* REQUIRED WORK *
Copy the listing below letter for letter, passing over each picture.

* SUPPLIED DATA *
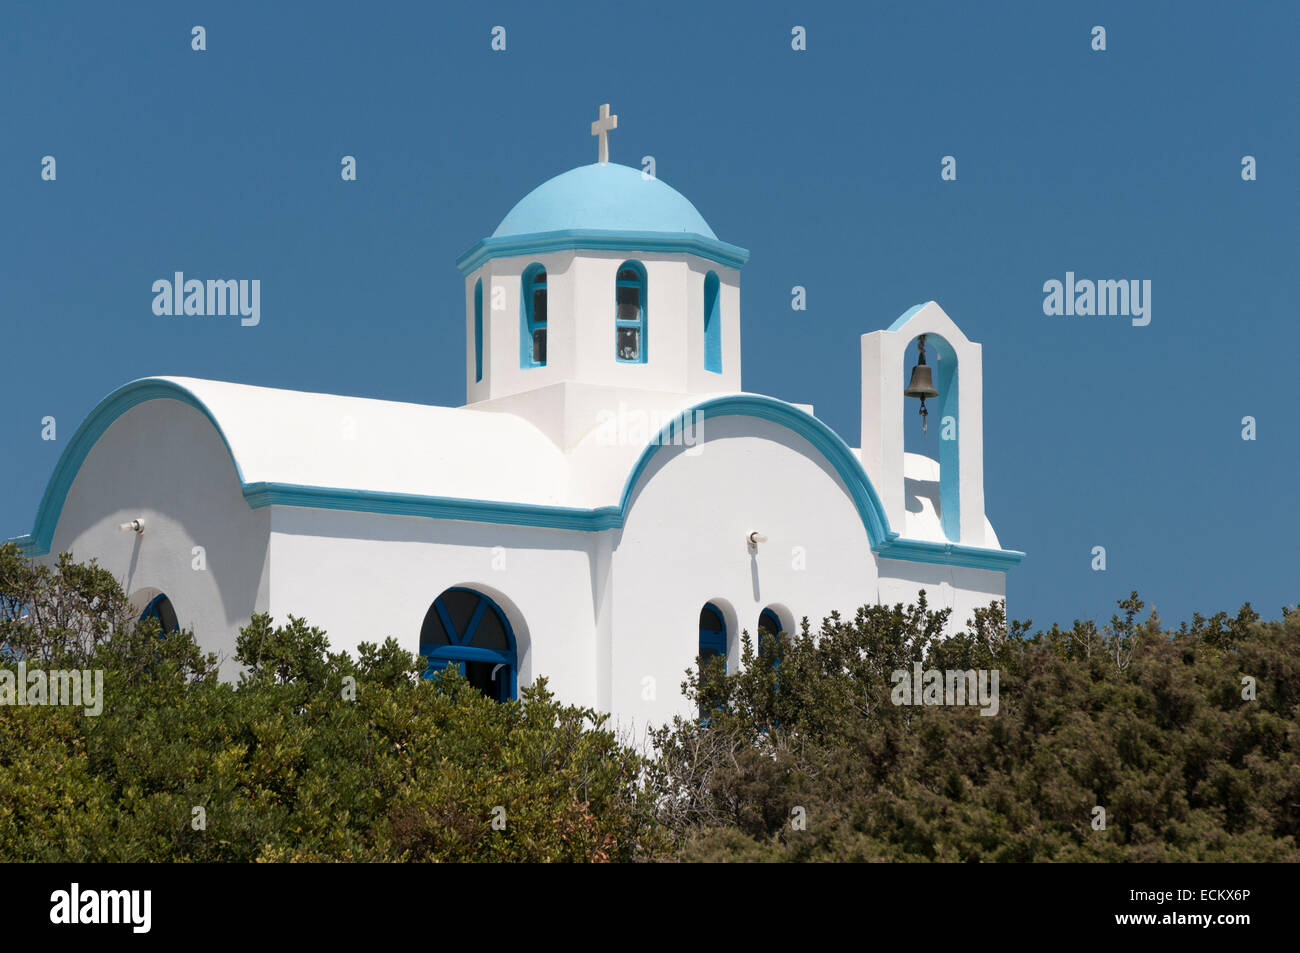 Traditionelle griechische Kirche mit blauer Kuppel und kleine Glocke Stockfoto
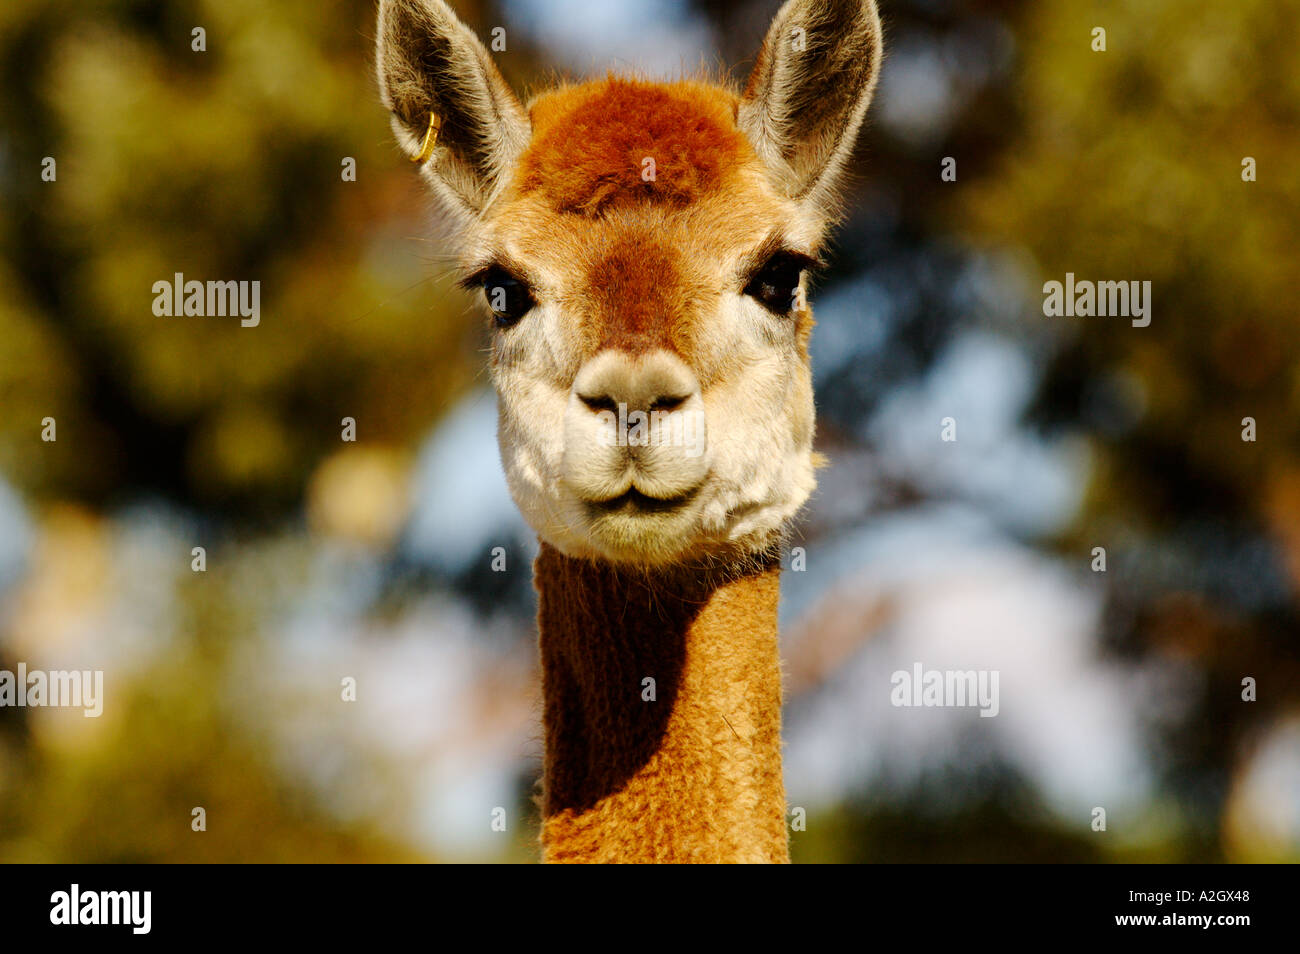 South Australia, Alpaca in farm Stock Photo - Alamy
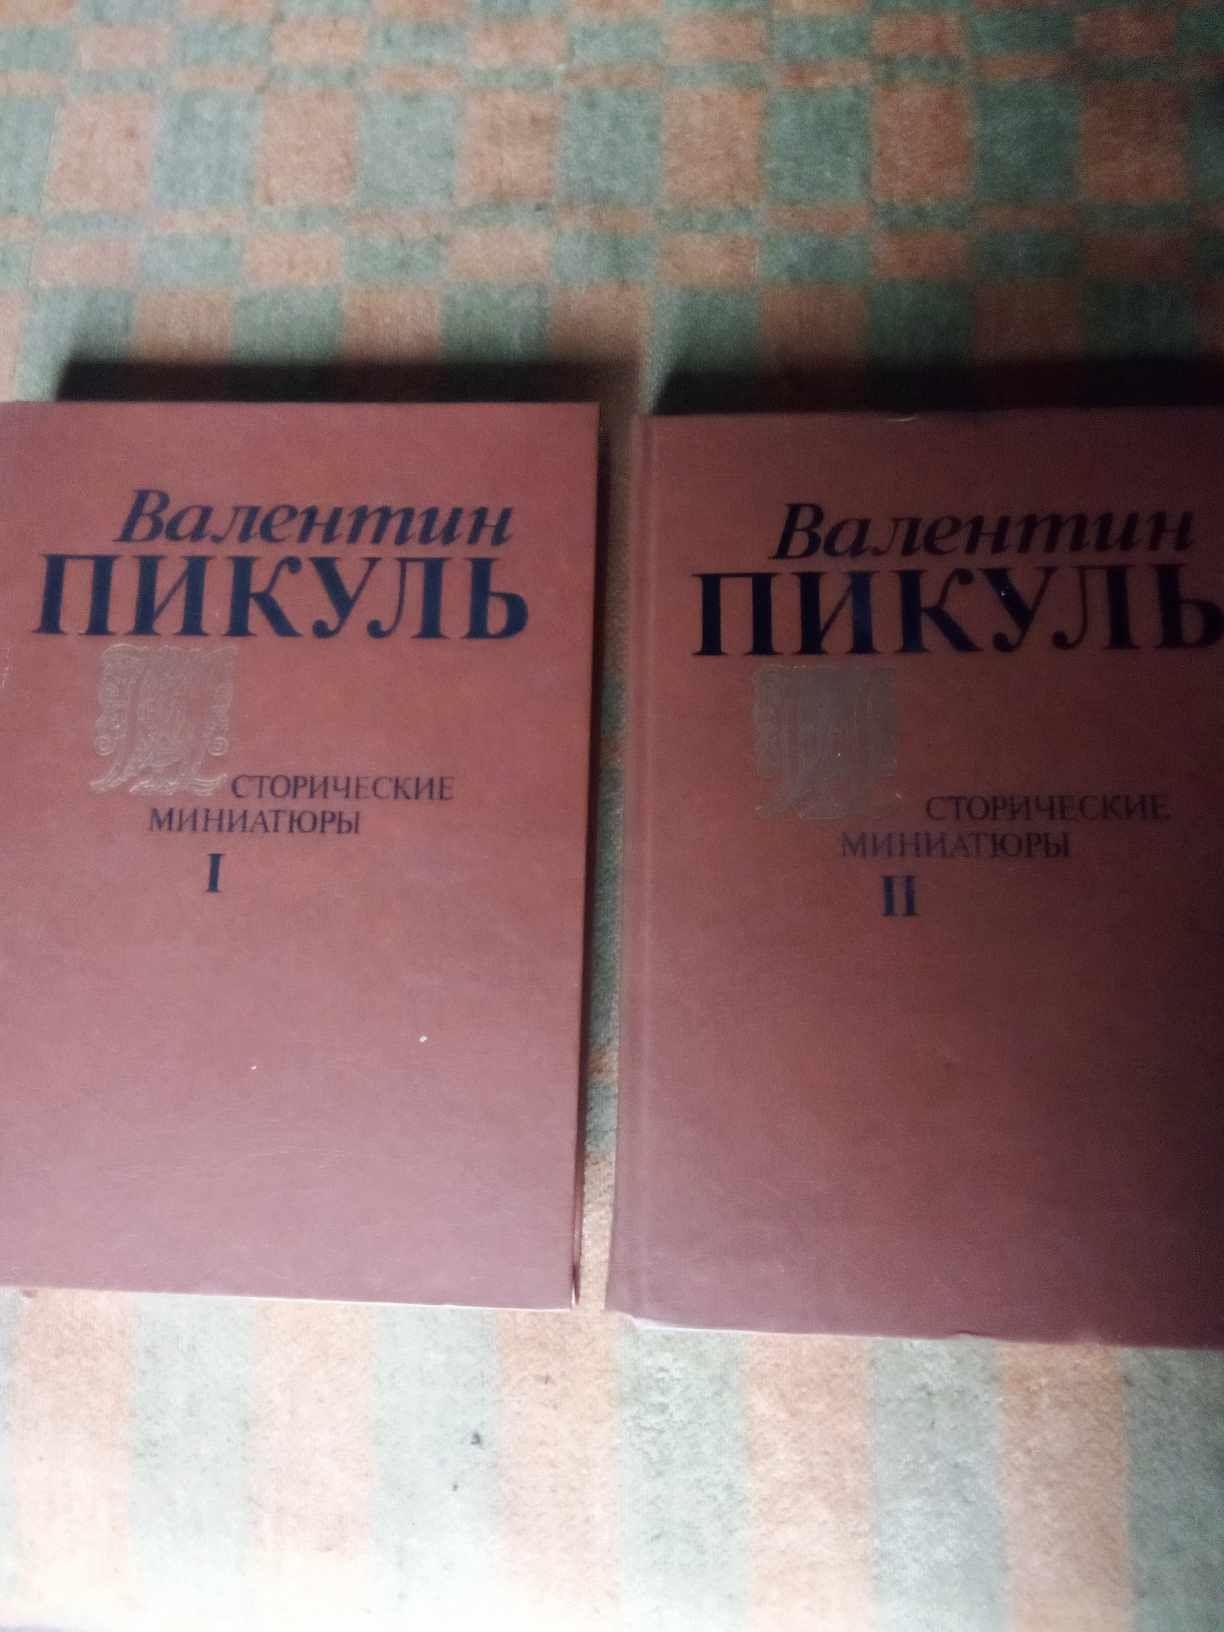 Продам Исторические миниатюры В. Пикуля в двух томах
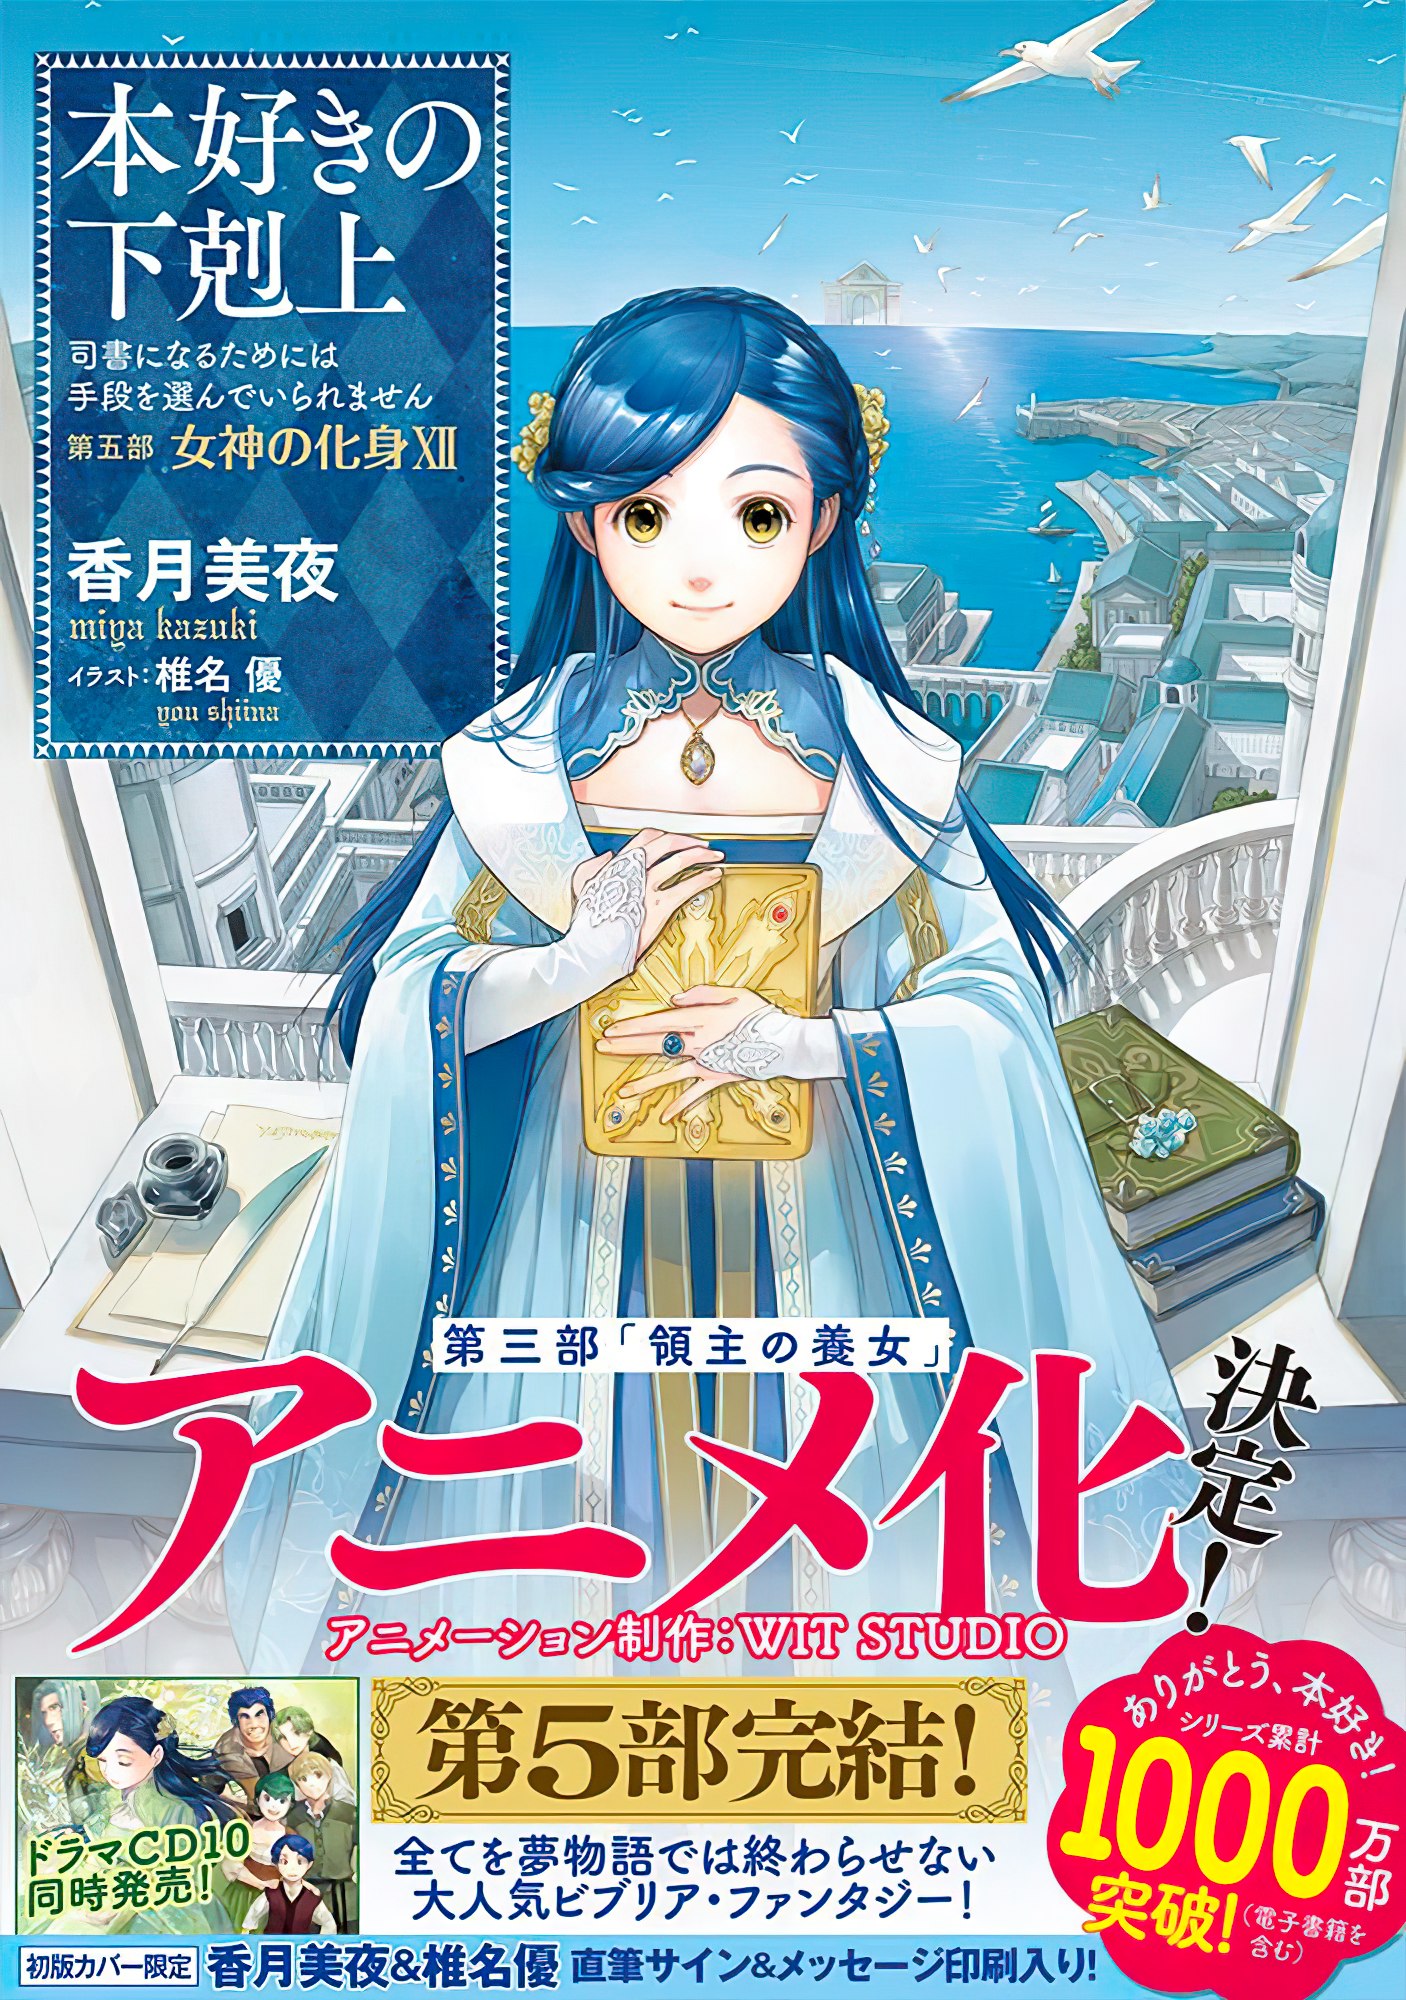 Terceira temporada de Honzuki no Gekokujou ganha nova ilustração.  Continuação do anime estreia em Abril de 2022.

* SOLUTION TO THIS TASK *
 Traditionelle griechische Kirche mit blauer Kuppel und kleine Glocke Stockfoto
 South Australia, Alpaca in farm Stock Photo - Alamy
 Продам Исторические миниатюры В. Пикуля в двух томах
 Terceira temporada de Honzuki no Gekokujou ganha nova ilustração.  Continuação do anime estreia em Abril de 2022.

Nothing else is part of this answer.